I usually have an apple and a banana each day, and meas usually have a tomato and/or salad leaf component, or mixed veg. As I cater only for myself I don't buy a big variety of things because they would go off before they were eaten, so the mixed veg is frozen


----------



## Ljc (Aug 16, 2017)

Robin said:


> Is that all you ate, or have you just given us the fruit and veg component? I was just wondering where you get your iron and B vitamins from.


I've only mentioned the fruit and veg I eat.
Tonight we're  having rump steak with mushrooms a few chips , fried onions I've not decided on the veg yet, I could do with some ideas please


----------



## Robin (Aug 16, 2017)

Ljc said:


> I've only mentioned the fruit and veg I eat.
> Tonight we're  having rump steak with mushrooms a few chips , fried onions I've not decided on the veg yet, I could do with some ideas please


Oops, sorry, I was thinking about Radders when I posted.
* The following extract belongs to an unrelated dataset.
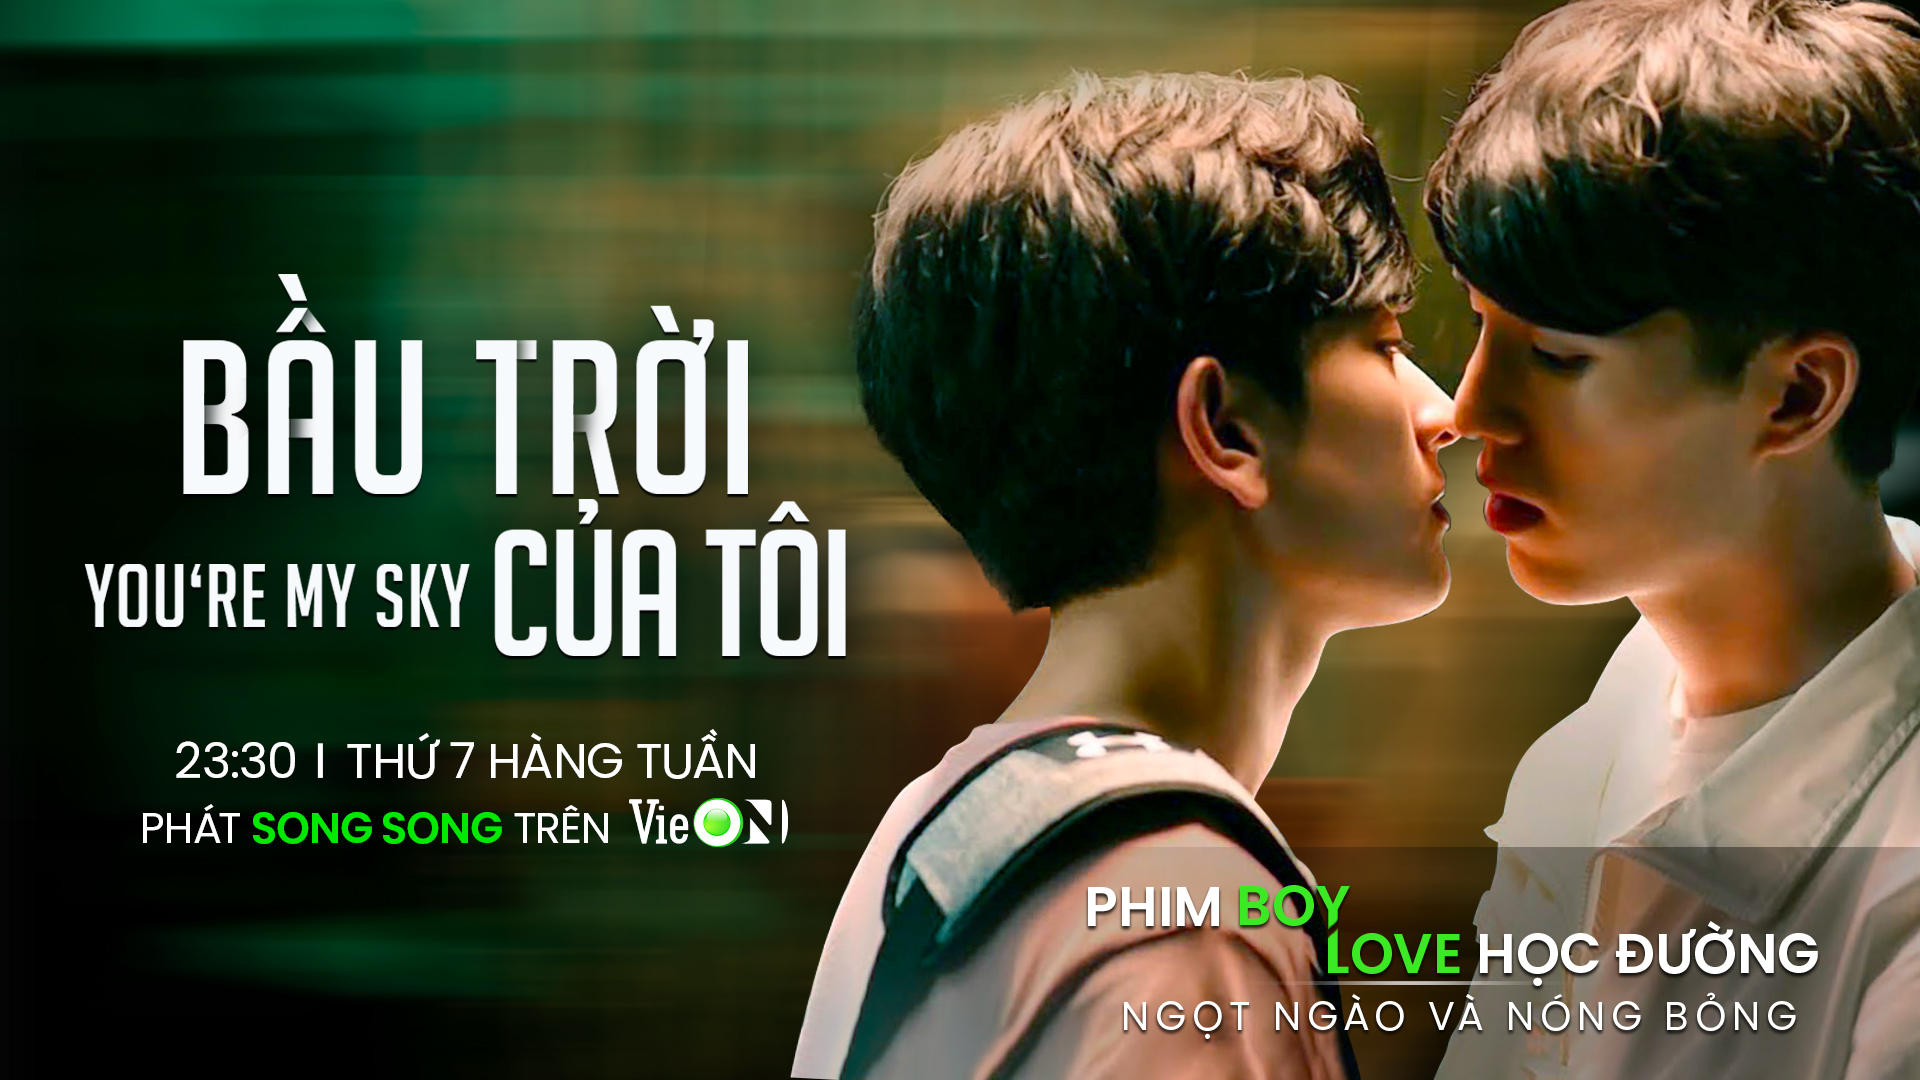 Phim mới của Lý Dịch Phong, Tống Tổ Nhi và đam mỹ Thái “đổ bộ” VieON
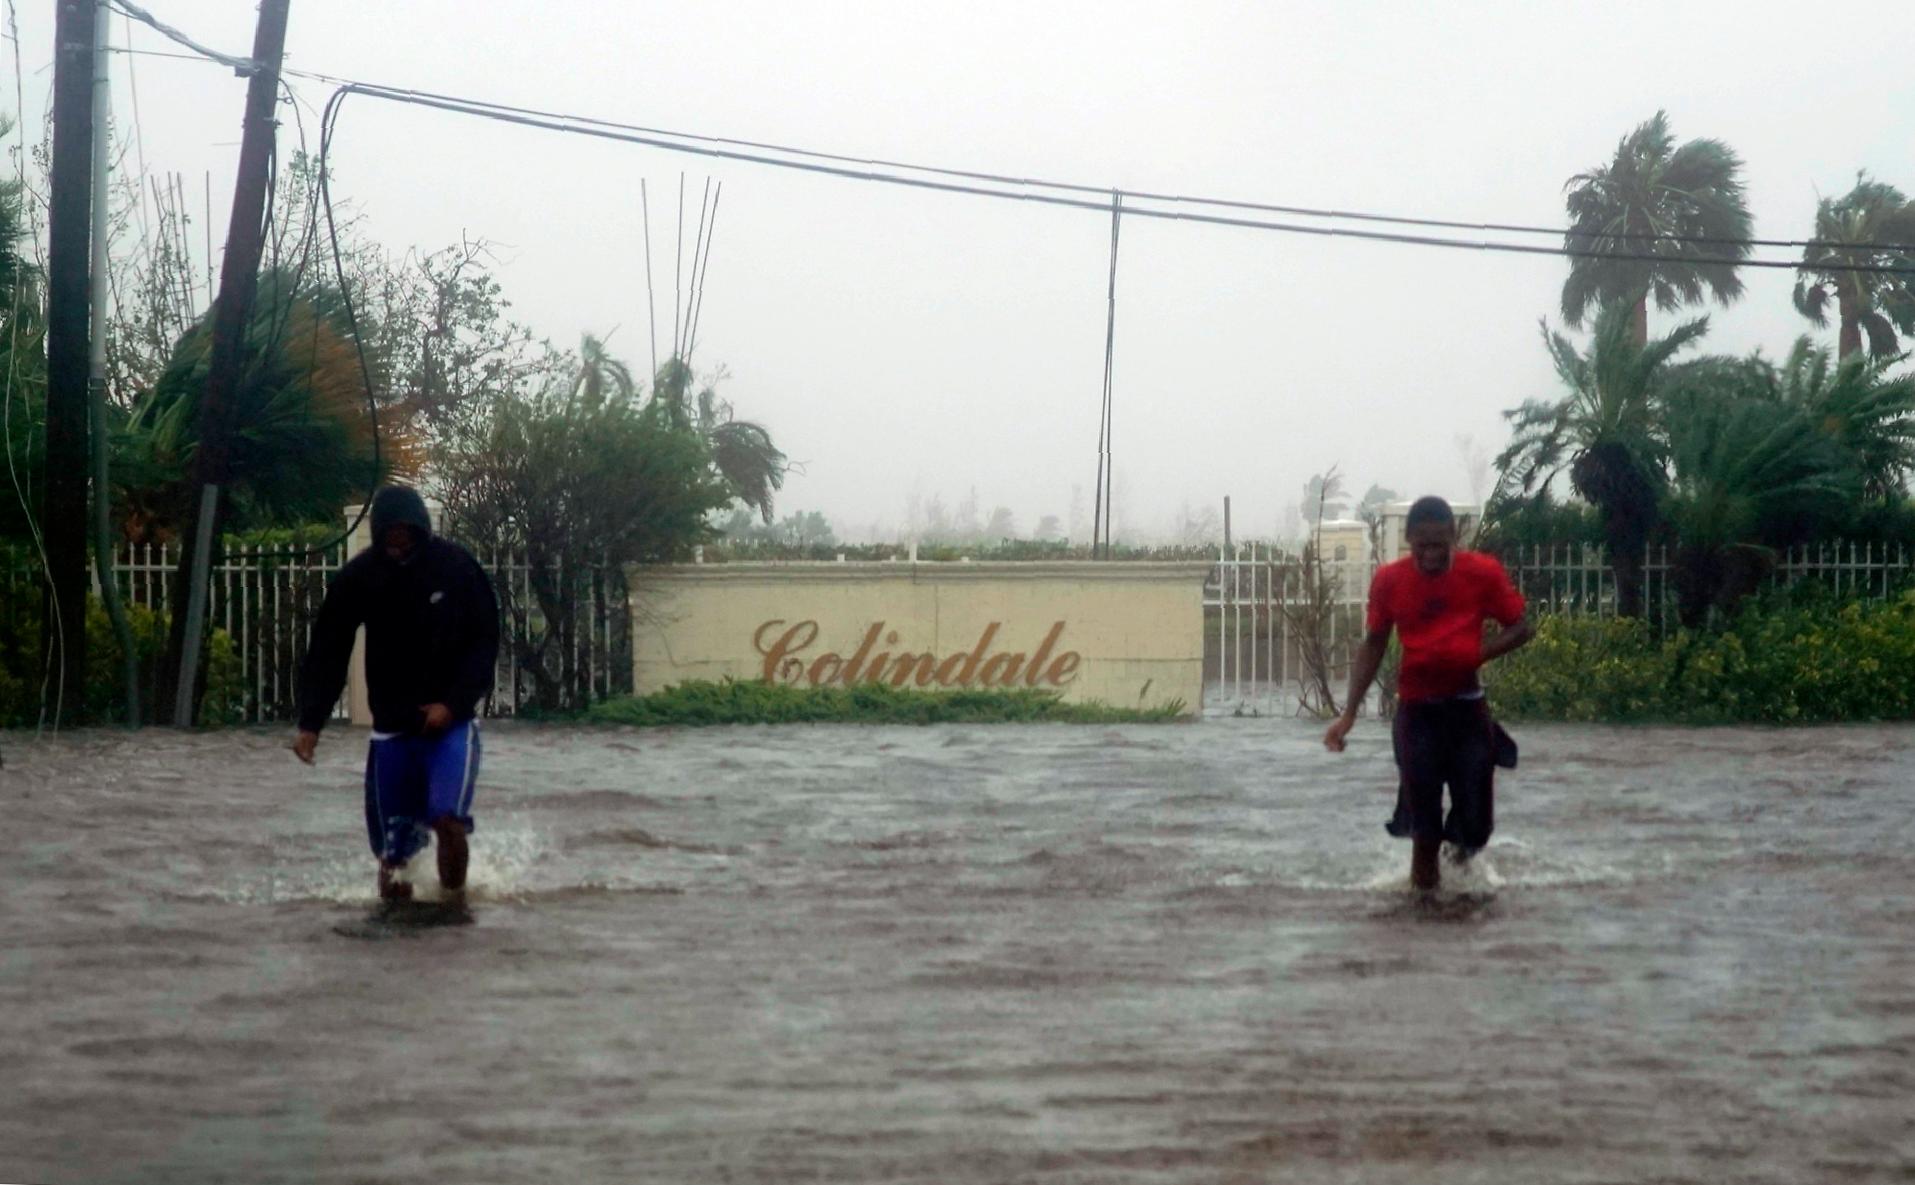 Los residentes deambulan por una calle inundada de agua provocada por el huracán Dorian en Freeport, Bahamas, el martes 3 de septiembre de 2019. Dorian comienza a avanzar lentamente hacia el noroeste después de estar inmóvil sobre las Bahamas, donde sus vientos implacables han causado daños catastróficos e inundaciones.

I can't imagine you would survive on an apple and a tangerine all day!
I often do grilled tomatoes with steak. (Fried onions are a must, obv!)


----------



## Ljc (Aug 16, 2017)

Robin said:


> Oops, sorry, I was thinking about Radders when I posted. I can't imagine you would survive on an apple and a tangerine all day!
> I often do grilled tomatoes with steak. (Fried onions are a must, obv!)


No worries. I laughed  out loud when I thought you may have meant me as 
well


----------



## Ljc (Aug 16, 2017)

Ah grilled tomatoes are just the ticket. Thanks.


----------



## Greymouser (Aug 16, 2017)

I am vegetarian ( well, in fact a pescatarian, who has no dairy, ) too, so veg is normally not a problem for me. I am finding that Avoiding bananas to be annoying, because I really do like them. My pharmacist says I should avoid them because of the meds I am on.


----------



## Ljc (Aug 16, 2017)

Greymouser said:


> I am vegetarian ( well, in fact a pescatarian, who has no dairy, ) too, so veg is normally not a problem for me. I am finding that Avoiding bananas to be annoying, because I really do like them. My pharmacist says I should avoid them because of the meds I am on.


That's a shame


----------



## Northerner (Aug 16, 2017)

Greymouser said:


> I am vegetarian ( well, in fact a pescatarian, who has no dairy, ) too, so veg is normally not a problem for me. I am finding that Avoiding bananas to be annoying, because I really do like them. My pharmacist says I should avoid them because of the meds I am on.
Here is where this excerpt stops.